Innym, ciekawym rozwiązaniem jest kompaktowy, łatwy do zamontowania zestaw lamp rowerowych Solis. W jego skład wchodzą: przedni lampa zasilana akumulatorem i tylna – na baterie (CR 2032). Przednia dysponuje wskaźnikiem stanu akumulatora i 4 trybami użycia (100 proc. – świeci 2 h, 66 proc. – 4 h, 33 proc. – 9 h i migające – 18 h). – Tylna lampa ma dwa tryby: stały i migający. W tym drugim potrafi działać nawet do 120 godzin, więc na pewno bezpiecznie dotrzemy do celu podróży – mówi Piotr Wychowaniec.

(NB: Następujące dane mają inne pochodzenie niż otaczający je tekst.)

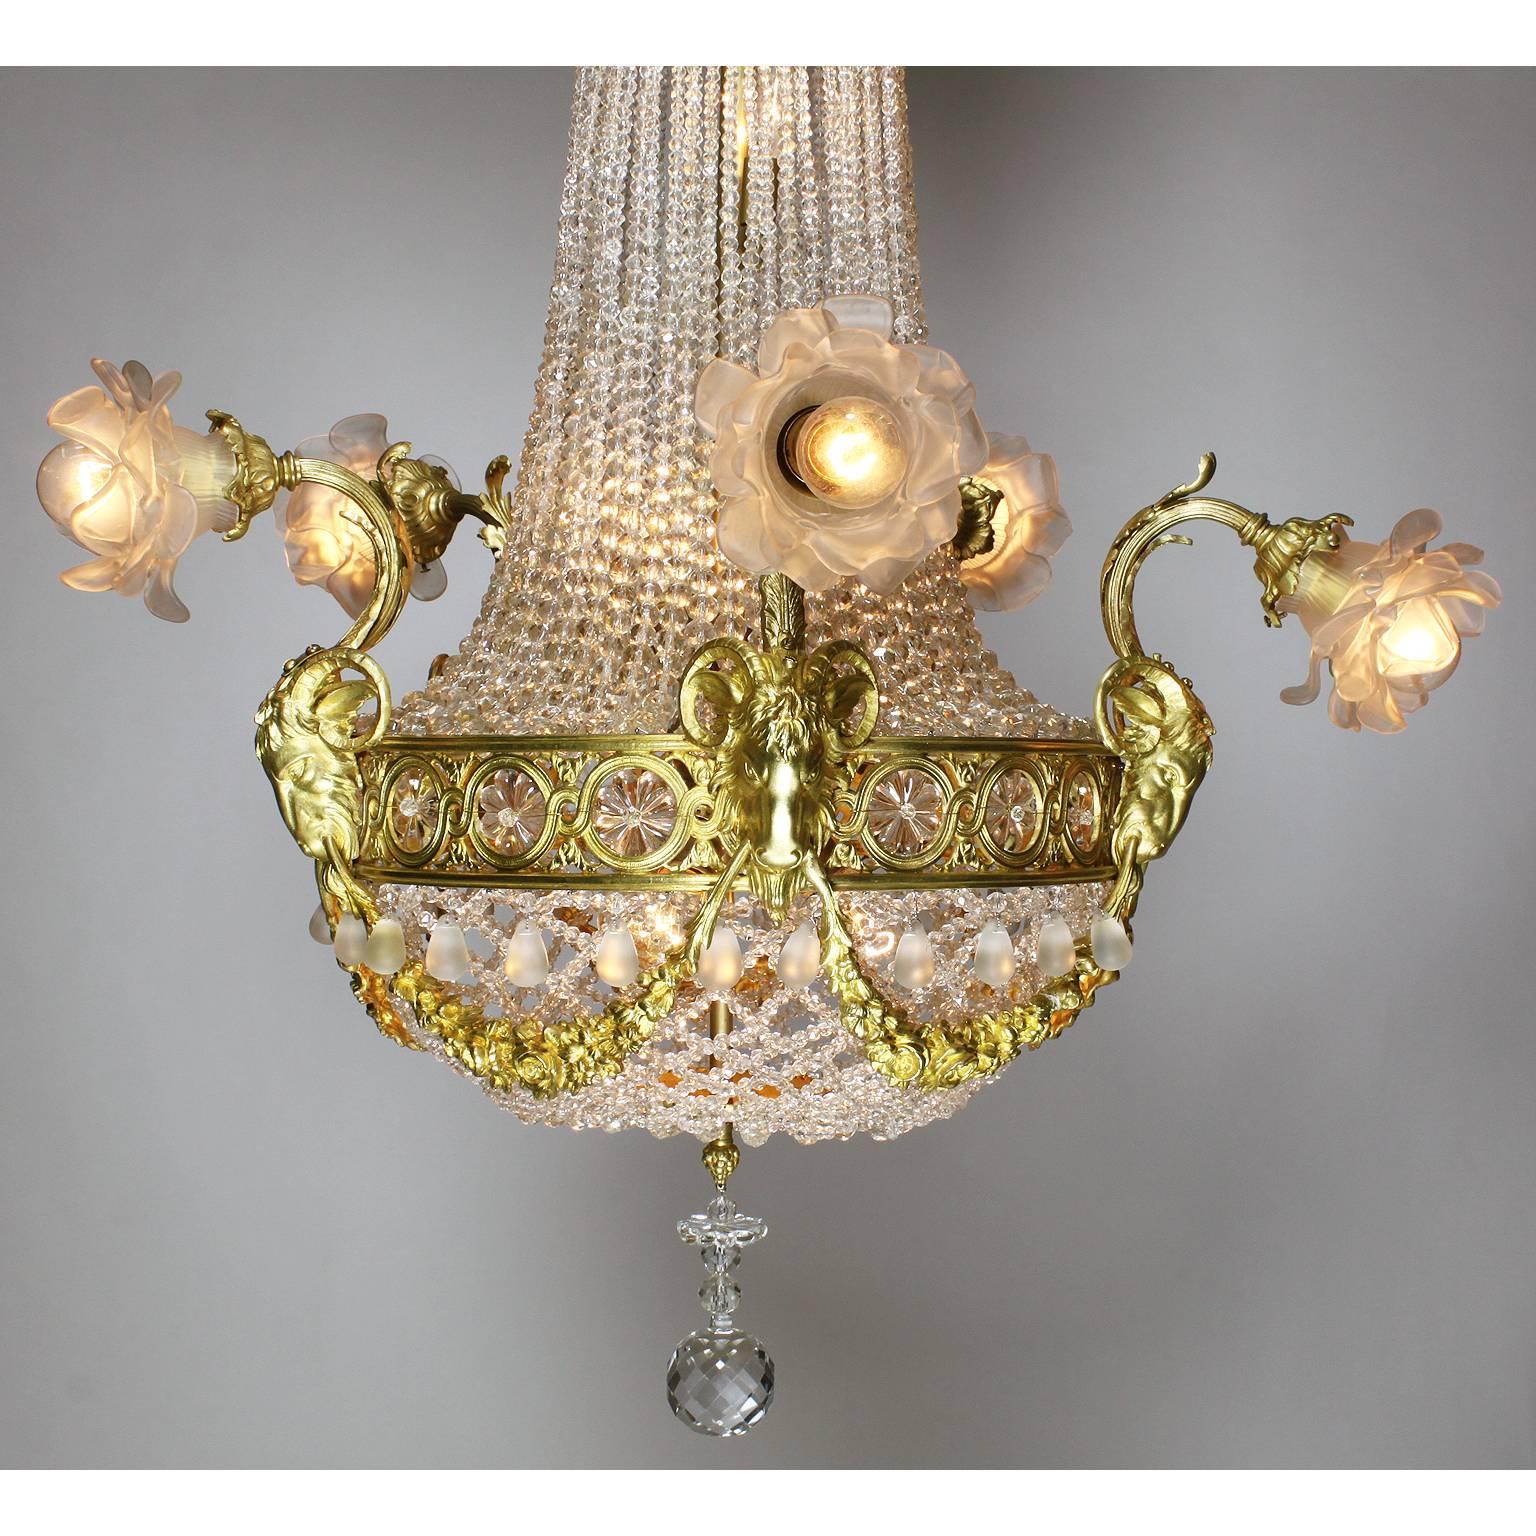 Carved French 19th-20th Century Louis XVI Style Gilt-Bronze and Beaded Glass Chandelier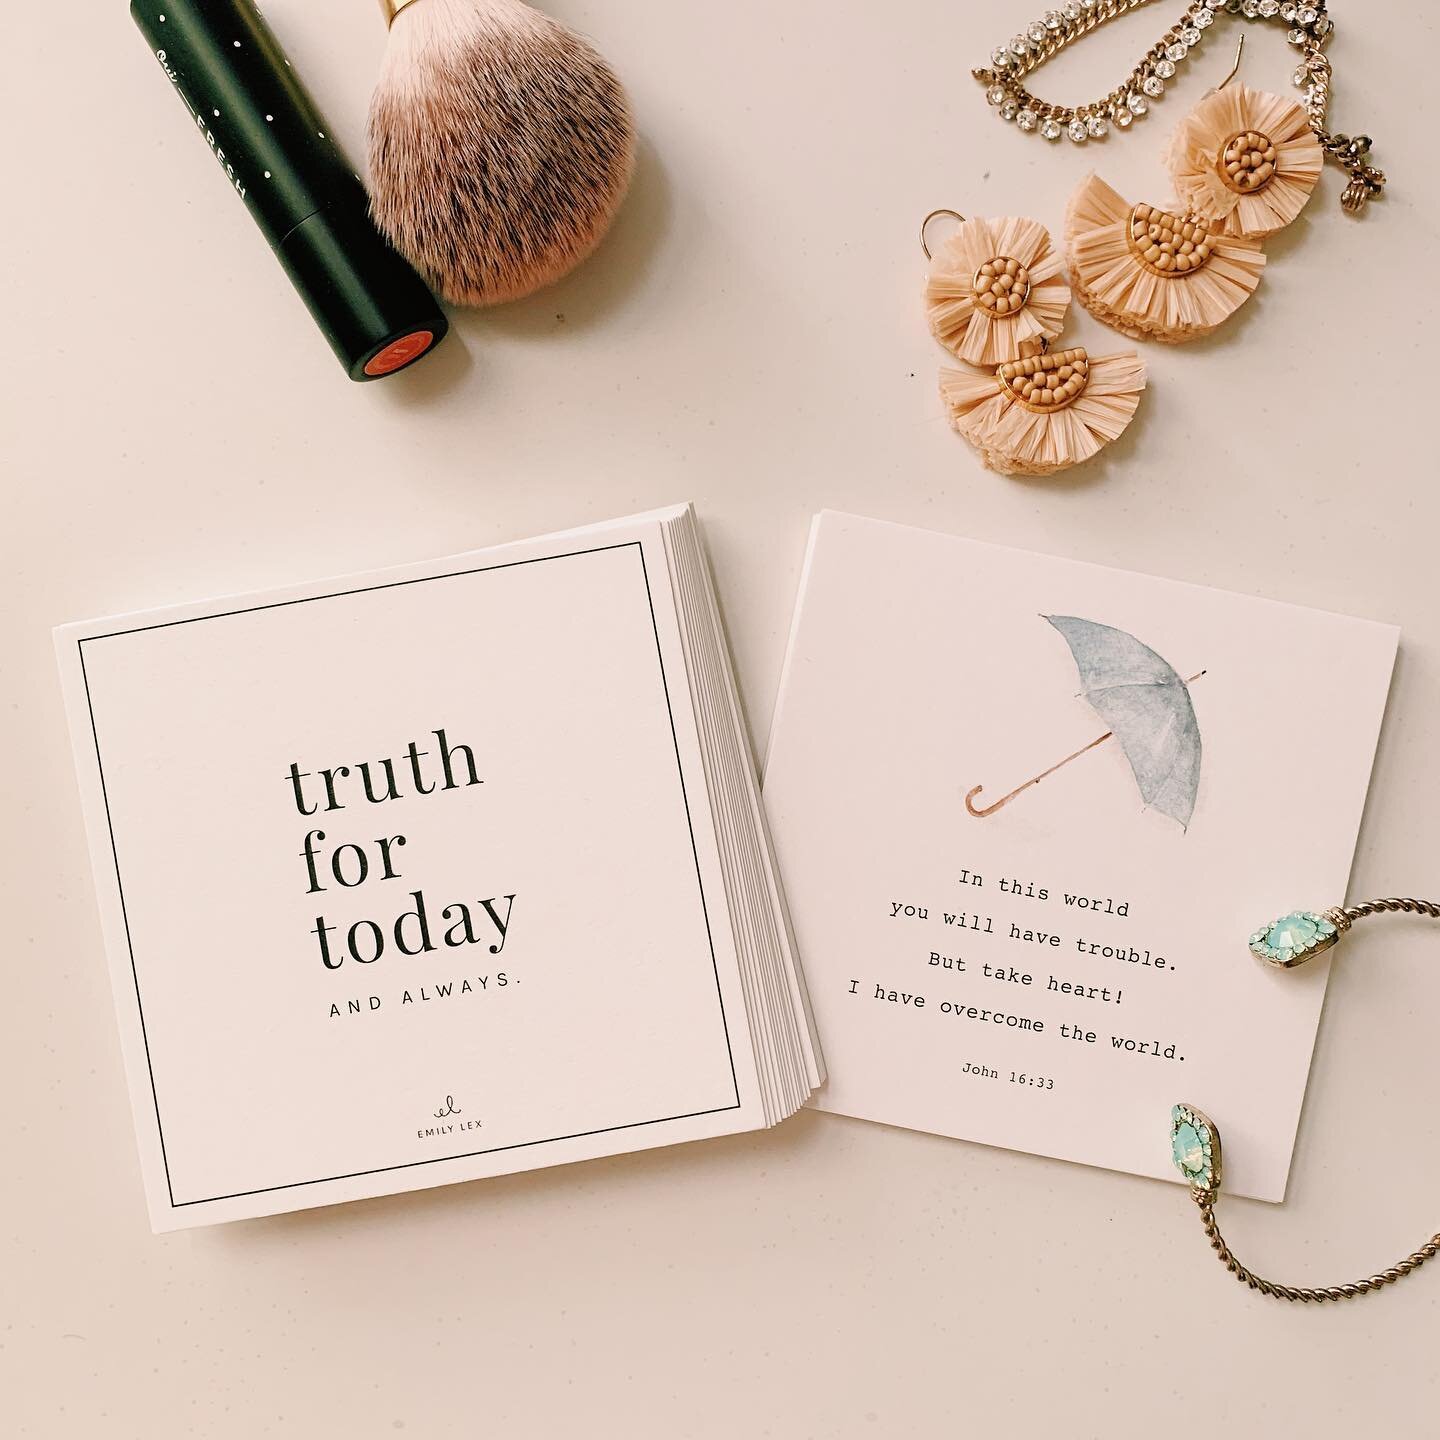 My favorite verse beautifully depicted by @emilylexstudio. My sweet father-in-law gifted me this Truth for Today card set for Christmas and I&rsquo;ve been using them for scripture memory. I think they&rsquo;d make a great Valentine&rsquo;s gift (or

Mówiąc o światłach rowerowych, trzeba pamiętać, że nie mogą one być umieszczone wyżej niż 150 cm nad powierzchnią drogi i niżej niż 25 cm. Poza tym warto wyposażyć i siebie, i rower w widoczne elementy odblaskowe, które zwiększają poziom bezpieczeństwa.
Zostały jeszcze dwa elementy wyposażenia, które rower musi być wyposażony:
Oczywiście warto mieć przy sobie również zestaw narzędzi i części zapasowych, które pozwolą naprawić rower, gdy np. przebijemy oponę gdzieś w szczerym polu. No i jeszcze duży zapas zdrowego rozsądku.